4. Experimental Results

The goal of our experiment was to classify the objects into ten categories for grasping the manipulator. We applied a deep learning network for object classification. However, because the objects were not common items, it was difficult to collect sufficient training images to train the deep learning network. Therefore, using the proposed method, training images were generated to improve classification accuracy. There were 32 training images for each category. There were ten categories. The proposed data augmentation method increased the number of training images. In addition, transfer learning was applied for effective learning and to reduce the computational time because it uses a pretrained model that has already learned the features of numerous images. We selected VGGNet with 19 weights layers for transfer learning. VGGNet was already trained by the images of 1000 categories. We cut off and retrained the network using generated images by the methods [23,27].
To verify the proposed method, we compared the classification accuracy of the network trained using the proposed method and the conventional methods. In addition, we trained and compared the deep learning network using the original data and data generated using the proposed method. The test results are presented in the tables. Test images were captured supplementally by placing the objects arbitrarily. They were not included in the training dataset. The classification accuracy is calculated by inputting test images into the trained model.
Table 1 presents the classification accuracy of the network trained using original images. As abovementioned, there were 320 training images, 32 for each category. The experimental results show that the classification accuracy was low when noiseless test images were used because the original images were few. In general, the classification accuracy of noisy images was less than that of noiseless images. Thus, the classification accuracy of noisy images resulted in lower values.

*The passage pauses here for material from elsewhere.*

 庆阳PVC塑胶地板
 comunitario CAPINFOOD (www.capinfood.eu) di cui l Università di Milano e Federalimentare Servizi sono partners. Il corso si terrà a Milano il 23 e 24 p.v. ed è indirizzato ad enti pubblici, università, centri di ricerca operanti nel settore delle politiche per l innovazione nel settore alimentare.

Table 2 presents the classification accuracy of the network trained by the conventional method using original images. Data augmentation was achieved by changing the range of color jittering. In general, color jittering is conducted by adding random values to a color channel. Based on this concept, color jittering #1 #3 add the random values in terms of RGB color space. Color jittering #1 adds positive values to the pixel values of an original image. Color jittering #2 and #3 add positive or negative values with different ranges [19]. When the conventional method was deployed, the number of training images increased by nine times, from 320 to 2880. The experimental results showed that the classification accuracy of the noisy images improved slightly. However, the classification accuracy tended to be low.

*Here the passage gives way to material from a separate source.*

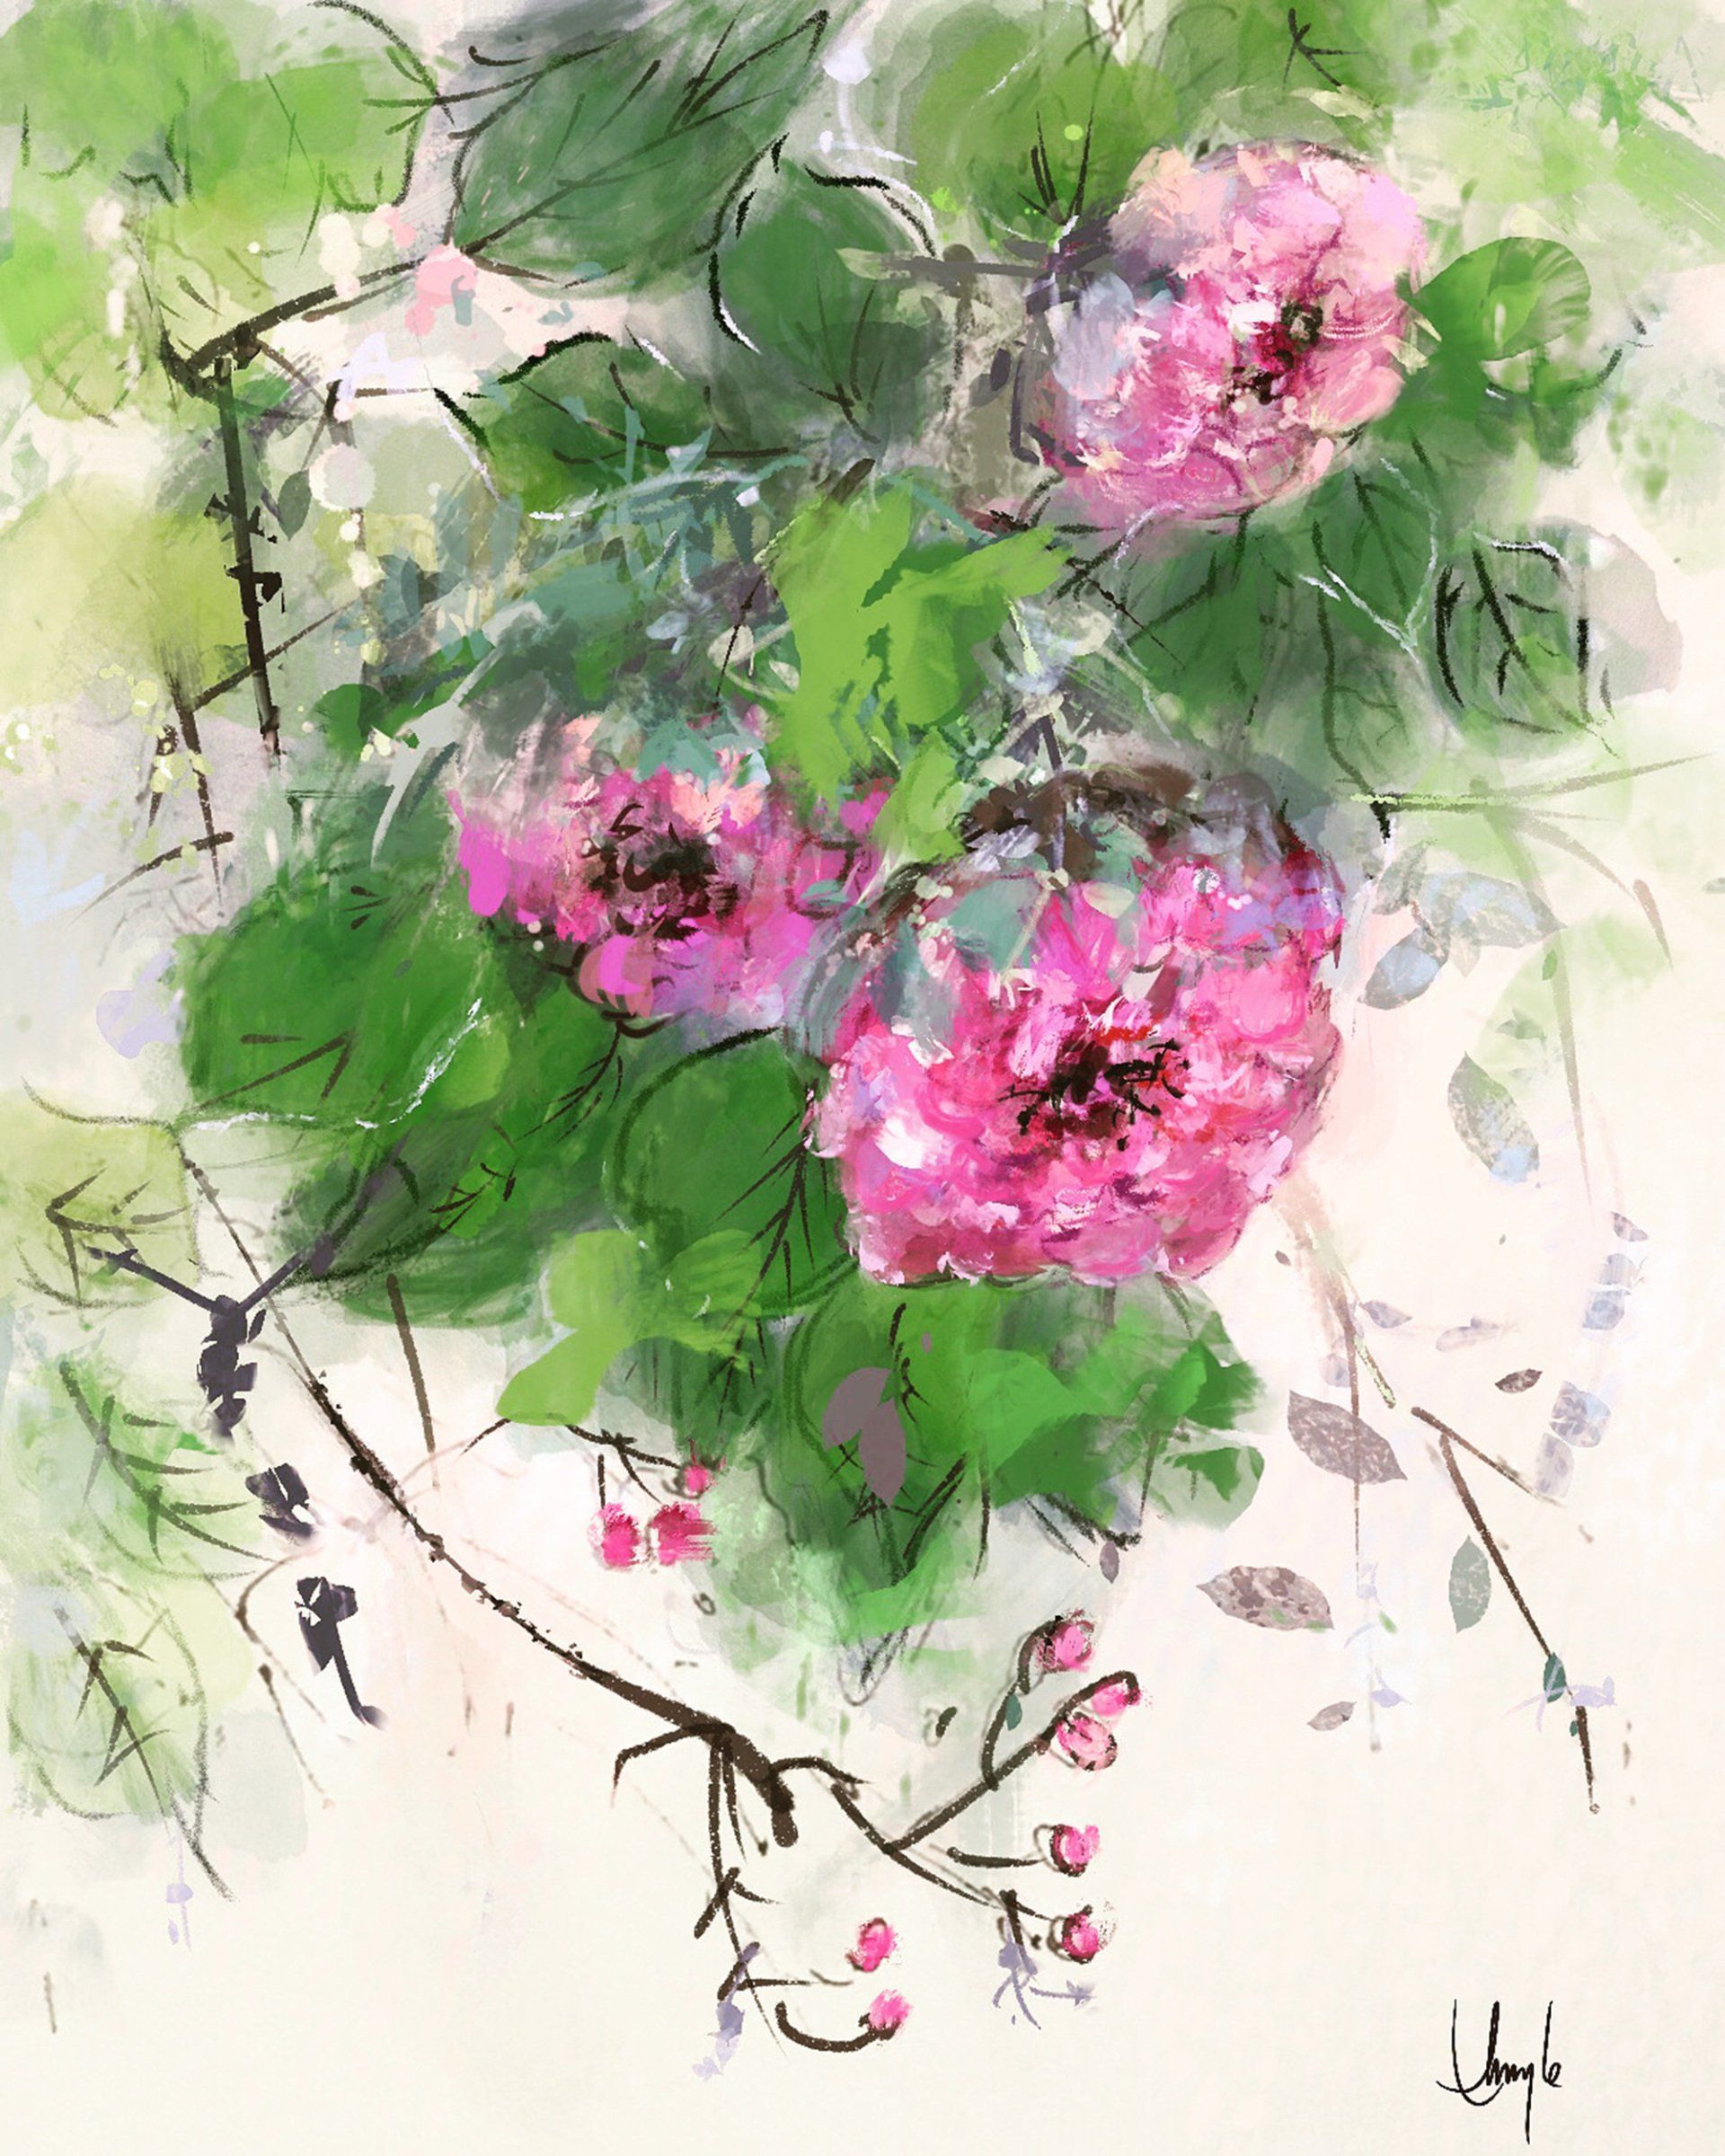 camellia , pink flower, greens, floral, digital art, water color, flower, impressionism

To improve the classification accuracy, we eliminated the background and cropped an image by considering the center of the object. Table 3 presents the classification accuracy of the network trained using preprocessed images. The classification accuracy improved slightly over that of the original images and noisy images in Table 1.

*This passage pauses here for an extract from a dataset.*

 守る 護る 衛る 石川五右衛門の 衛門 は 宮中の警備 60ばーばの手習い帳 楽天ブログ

Next, we implemented a data augmentation method based on the inverse PSNR, with respect to the RGB color space and rotation. The number of training images increased by 216 times. Table 4 presents the classification accuracy of the network trained using the inverse PSNR, with respect to the RGB color spac, and rotation of the images. As shown in the table, the performance of the trained network improved significantly and the classification accuracy was higher than that of the network trained using the original images and the preprocessed images. Specifically, the classification performance on the noisy images increased significantly. Furthermore, the classification performance on the noiseless images increased.
As mentioned in Section 3, because the objects for image classification generally had more red and green colors than blue, we determined that in the color perturbation method, a higher weight would most likely result in blue. To provide reasonable evidence, we trained the network using images obtained by applying the inverse PSNR to three channels individually. The classification results are listed in Table 5.
Comparing the above experimental results, the classification results obtained by applying the inverse PSNR to the B channel were better than those obtained from the images with the inverse PSNR applied to the R and G channels. Therefore, we tuned the weights to increase the weight of the B channel and decrease the weights of the R and G channels. We tested two cases in which the weights were tuned. The results are presented in Table 6.
As shown in the table, the classification accuracy was higher than that of the network trained by other methods. Specifically, the classification performance on the noisy images was higher than 70%. A comparison of tables revealed that the proposed method had the best performance. It is evident that applying weights based on the color tendency of the training images was effective. To validate the proposed method, the network was trained with an equal number of training images of conventional methods. For this, we randomly selected 2880 training images from the images generated by the proposed method. The model is trained three times using selected training images. In case of noiseless images, the average of the classification accuracy of the model trained by the 2880 training images from the images generated by the proposed method was 87.3%. The classification performance on the noisy images was 67.0%. This additional experiment shows that the proposed method could augment the training images effectively.
Figure 8 represents the comparison of the classification accuracy, with respect to average value and best performance. This figure shows that the more the proposed algorithms are combined, the higher the classification accuracy. Furthermore, the proposed method outperformed the conventional method. Therefore, the proposed method could improve the classification accuracy of both noisy and noiseless test images.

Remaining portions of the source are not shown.